🤖 AI Summary
DiT-based diffusion models suffer from quadratic computational complexity in self-attention, hindering efficient high-resolution image generation and deployment on resource-constrained devices. To address this, we propose the Multimodal Diffusion Transformer (MM-DiTs), an efficient architecture featuring: (1) a novel linear-complexity attention mechanism—Multi-Level Convolutional Modulated Attention—that aggregates keys/values spatially and modulates queries via learnable convolutions, achieving O(N) complexity; (2) a hybrid attention paradigm wherein image–image branches employ linear attention for efficiency, while text–image branches retain standard quadratic attention to preserve cross-modal alignment fidelity; and (3) knowledge distillation for further model compression. Evaluated on PixArt-Sigma and Stable Diffusion 3.5-Medium, MM-DiTs achieves up to 2.2× inference speedup with negligible degradation in FID and CLIP-Score, significantly enhancing both high-resolution generation efficiency and practical deployability.
📝 Abstract
Diffusion Transformers (DiTs) have emerged as a leading architecture for text-to-image synthesis, producing high-quality and photorealistic images. However, the quadratic scaling properties of the attention in DiTs hinder image generation with higher resolution or on devices with limited resources. This work introduces an efficient diffusion transformer (EDiT) to alleviate these efficiency bottlenecks in conventional DiTs and Multimodal DiTs (MM-DiTs).
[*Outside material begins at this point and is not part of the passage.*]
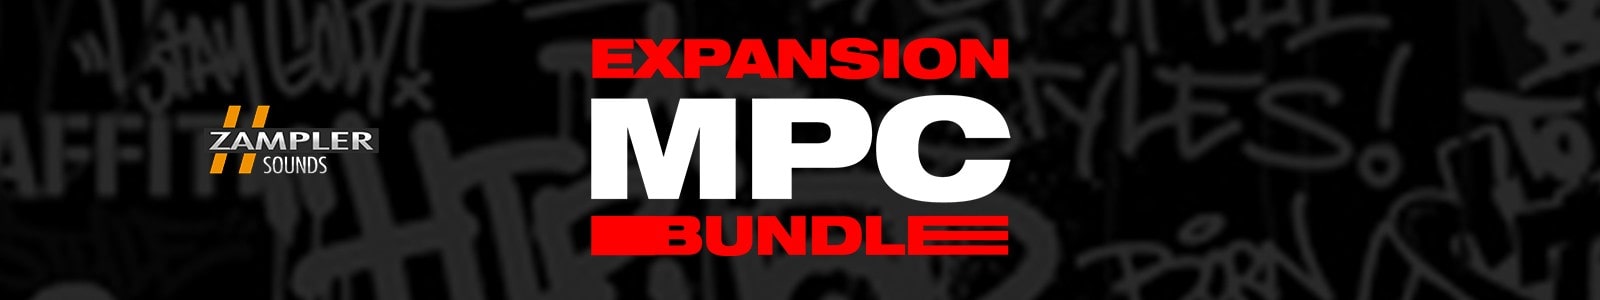 MPC Expansion Bundle 2023 by ZamplerSounds
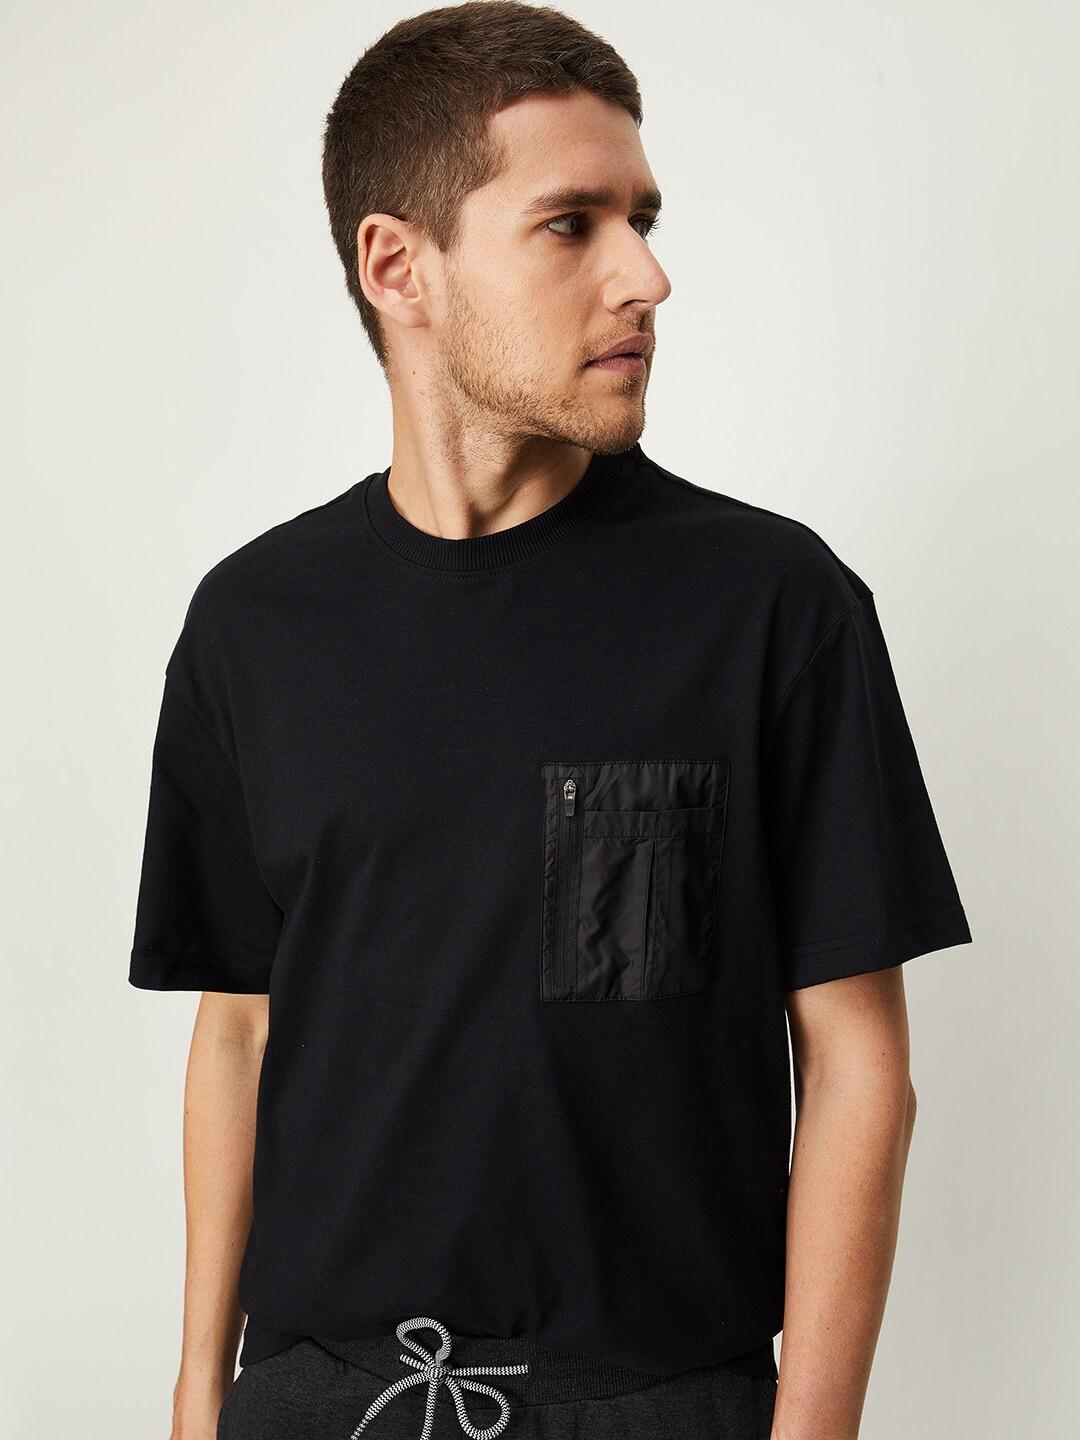 max men black typography round neck pockets oversized t-shirt

First, we present a novel linear compressed attention method that uses a multi-layer convolutional network to modulate queries with local information while keys and values are spatially aggregated. Second, we formulate a hybrid attention scheme for multi-modal inputs that combines linear attention for image-to-image interactions and standard scaled dot-product attention for interactions involving prompts. Merging these two approaches leads to an expressive, linear-time Multimodal Efficient Diffusion Transformer (MM-EDiT). We demonstrate the effectiveness of the EDiT and MM-EDiT architectures by integrating them into PixArt-Sigma(conventional DiT) and Stable Diffusion 3.5-Medium (MM-DiT), achieving up to 2.2x speedup with comparable image quality after distillation.